Most pipelines treat artifact promotion as a logistics problem: get the built artifact from the build stage to where the deploy stage can find it. The security question — whether the artifact that arrives is the same artifact that was built — is almost never asked explicitly, and almost never enforced mechanically.

The typical multi-stage flow looks like this: a build job compiles source, produces an image or binary, pushes it to an intermediate store tagged by branch name or build number, and exits. A downstream test job pulls by that same tag, runs tests, and uploads a pass/fail result. A staging job pulls the same tag, deploys, and if smoke tests pass, promotes to production by re-tagging or re-uploading. A production job pulls the production-tagged artifact and deploys.

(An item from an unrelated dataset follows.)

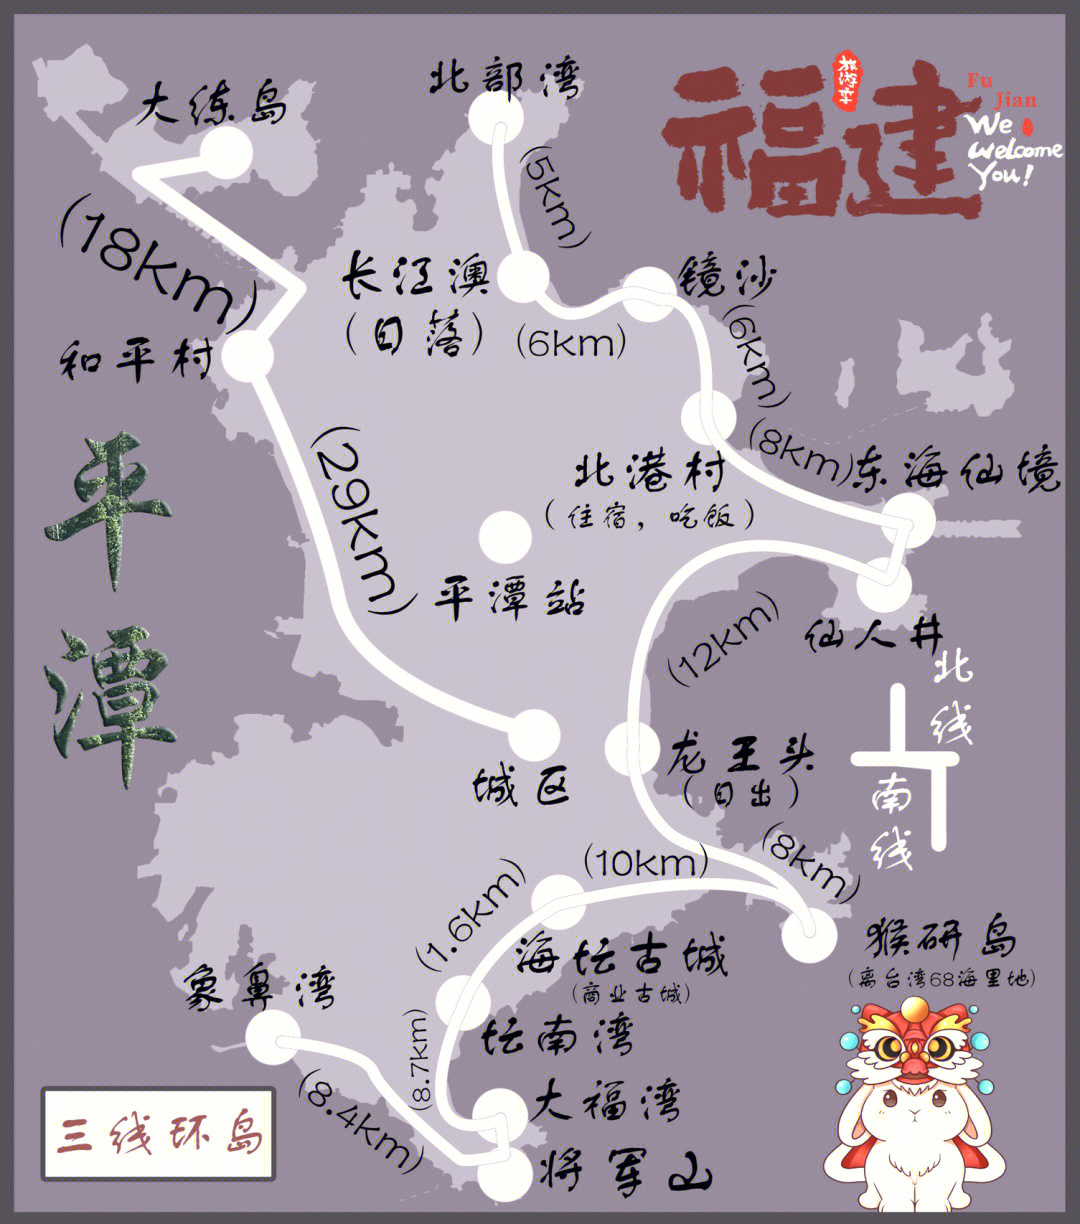 平潭岛地图 高清图片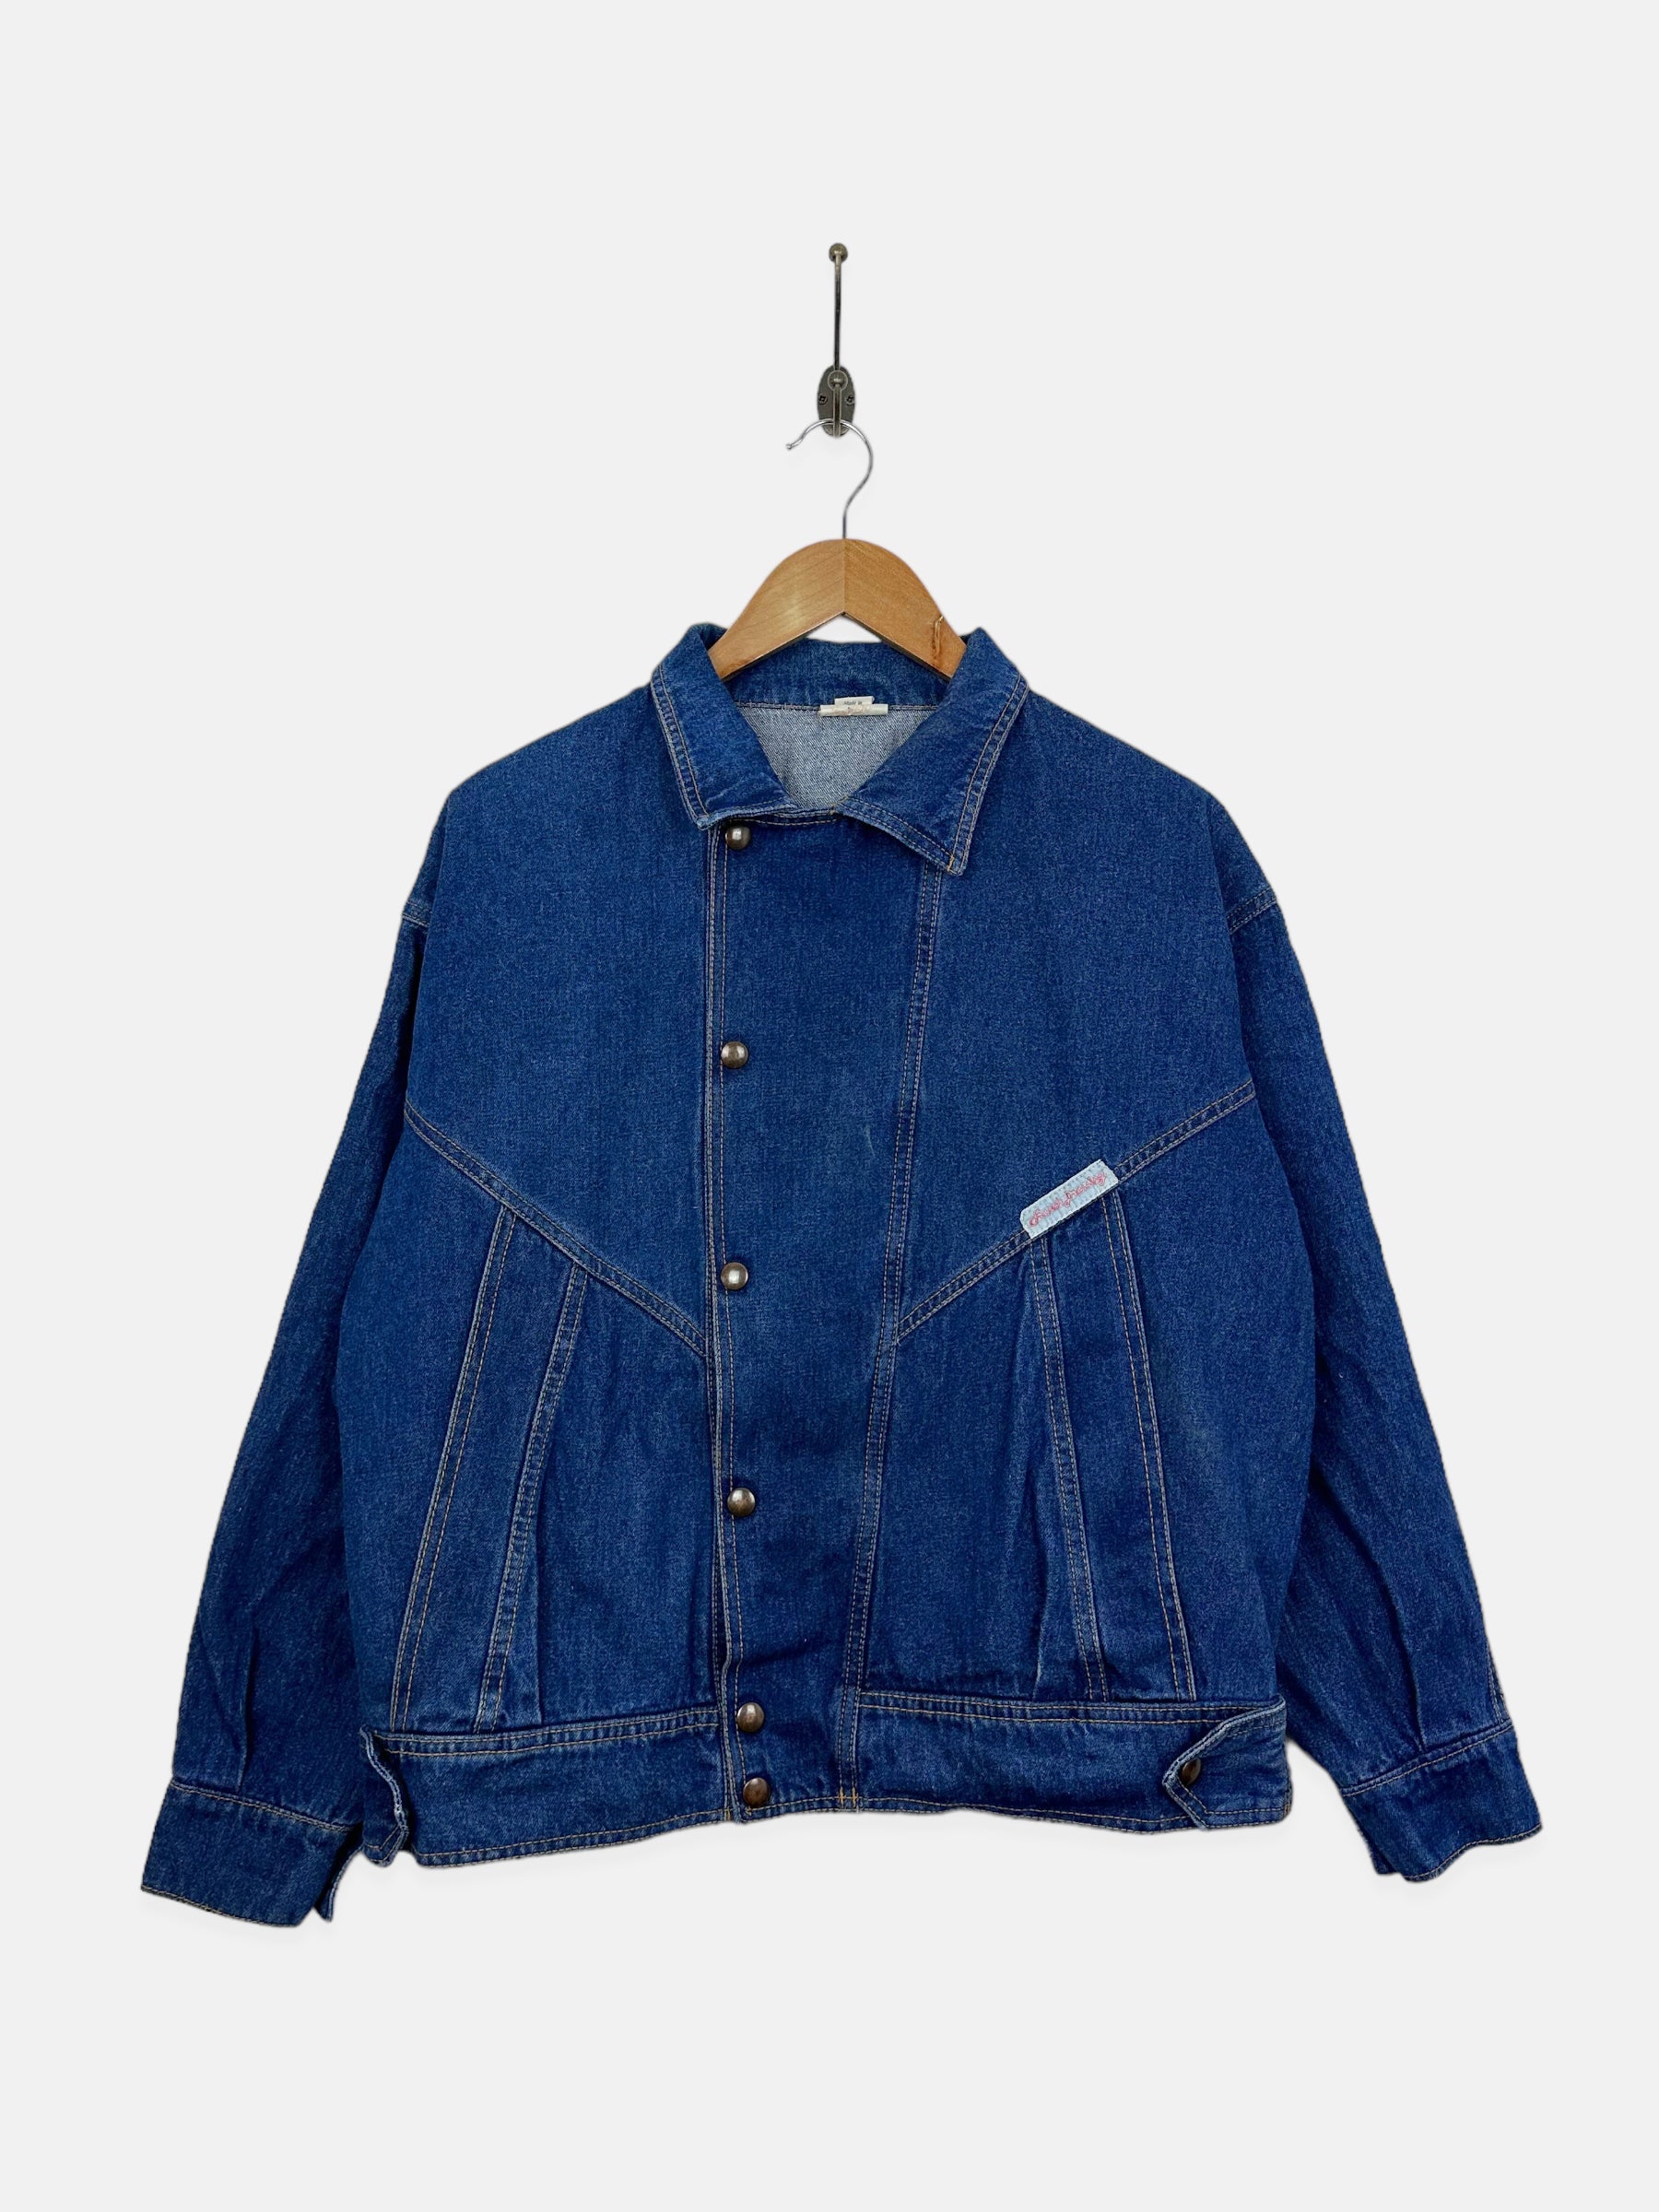 Jackets – Good Ol' Vintage

Each handoff in this chain shares a common property: the artifact is referenced by a mutable identifier — a tag, a filename, a path in an S3 prefix — and the receiving stage does not verify that what it received matches what the previous stage produced. Between any two stages, there is a window in which someone with write access to the intermediate store can replace the artifact. This is the substitution window.

The window is not theoretical. Real-world scenarios where it materialises:

S3 intermediate artifact storage with shared write IAM. A build job uploads build-artifacts/myapp-1.2.3.tar.gz to a shared S3 bucket. The IAM policy that permits the build job to upload also grants write access to other pipelines in the same account — or to an IAM role held by a third-party integration. Between the upload and the deploy job’s download, any principal with s3:PutObject on that prefix can overwrite the object. S3 does not version objects by default. The deploy job downloads and deploys the replacement.

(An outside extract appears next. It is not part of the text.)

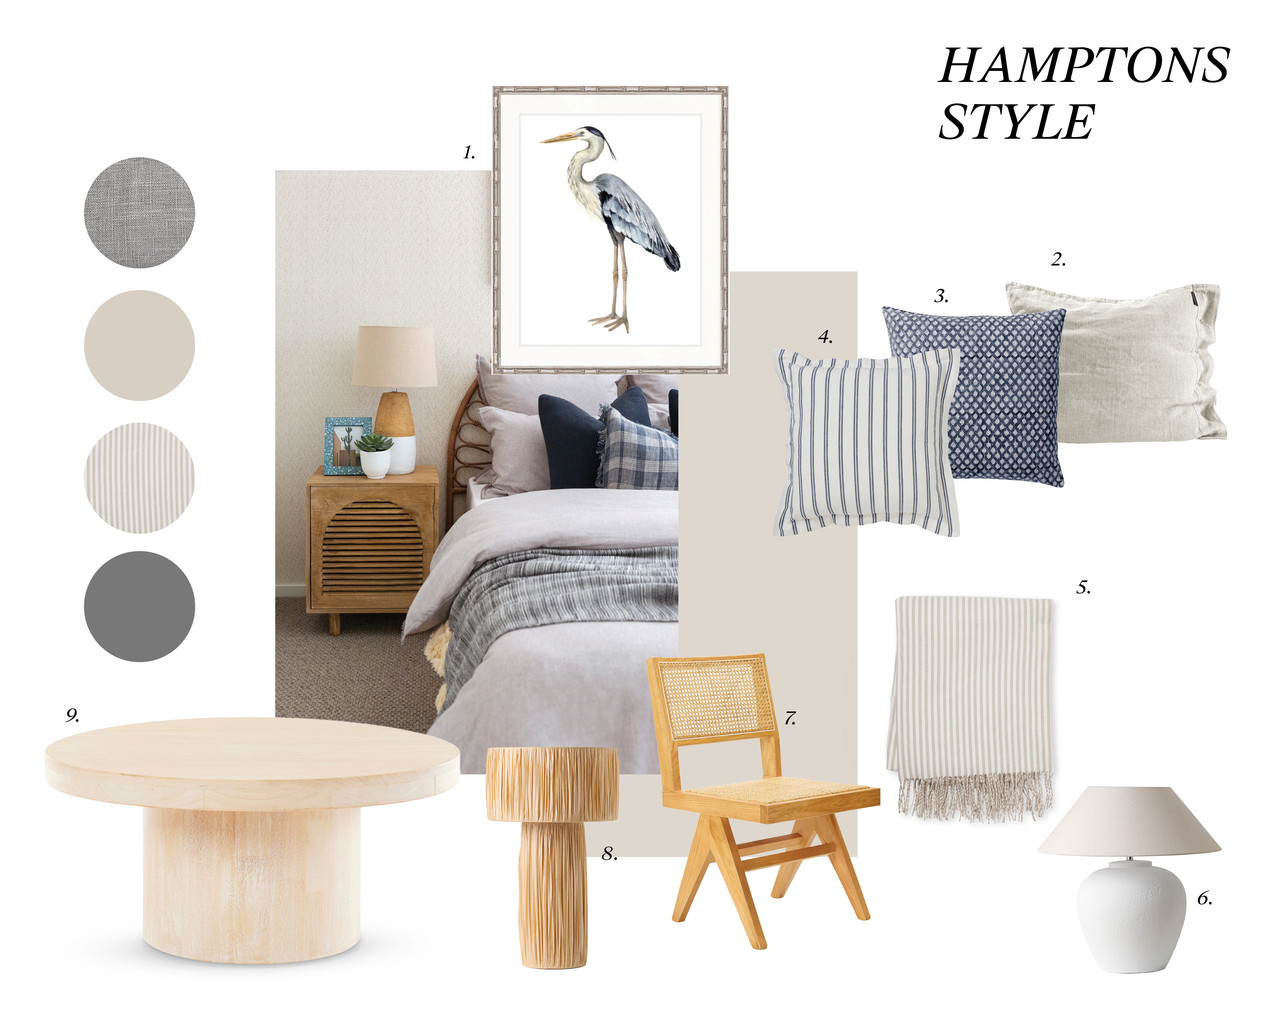 CHB481 - Hampton-s Living Room Styling BODY 2.jpg

Docker Hub push/pull race on mutable tags. A CI pipeline pushes myorg/myapp:main to Docker Hub, then triggers a downstream job that pulls myorg/myapp:main and scans it. Docker Hub tags are mutable. Another authenticated user with write access to the repository — a compromised machine credential, an overly broad team permission, a co-maintainer — can push a different image to the same tag in the gap between the upstream push and the downstream pull. The scan runs against the replacement.

Artifact registry with broad write IAM in a promotion flow. An artifact is promoted from a dev registry to a staging registry by pulling by tag and re-pushing to staging. Any principal with write access to the staging registry at promotion time can push to the same tag before the deploy job reads it.

npm publish-then-install race. A pipeline publishes an npm package, then a downstream job installs it for integration testing. The package name and version are mutable references: if the registry allows overwrite (some private registries do, or if the version tag was accidentally bumped back), the installed package differs from the published one.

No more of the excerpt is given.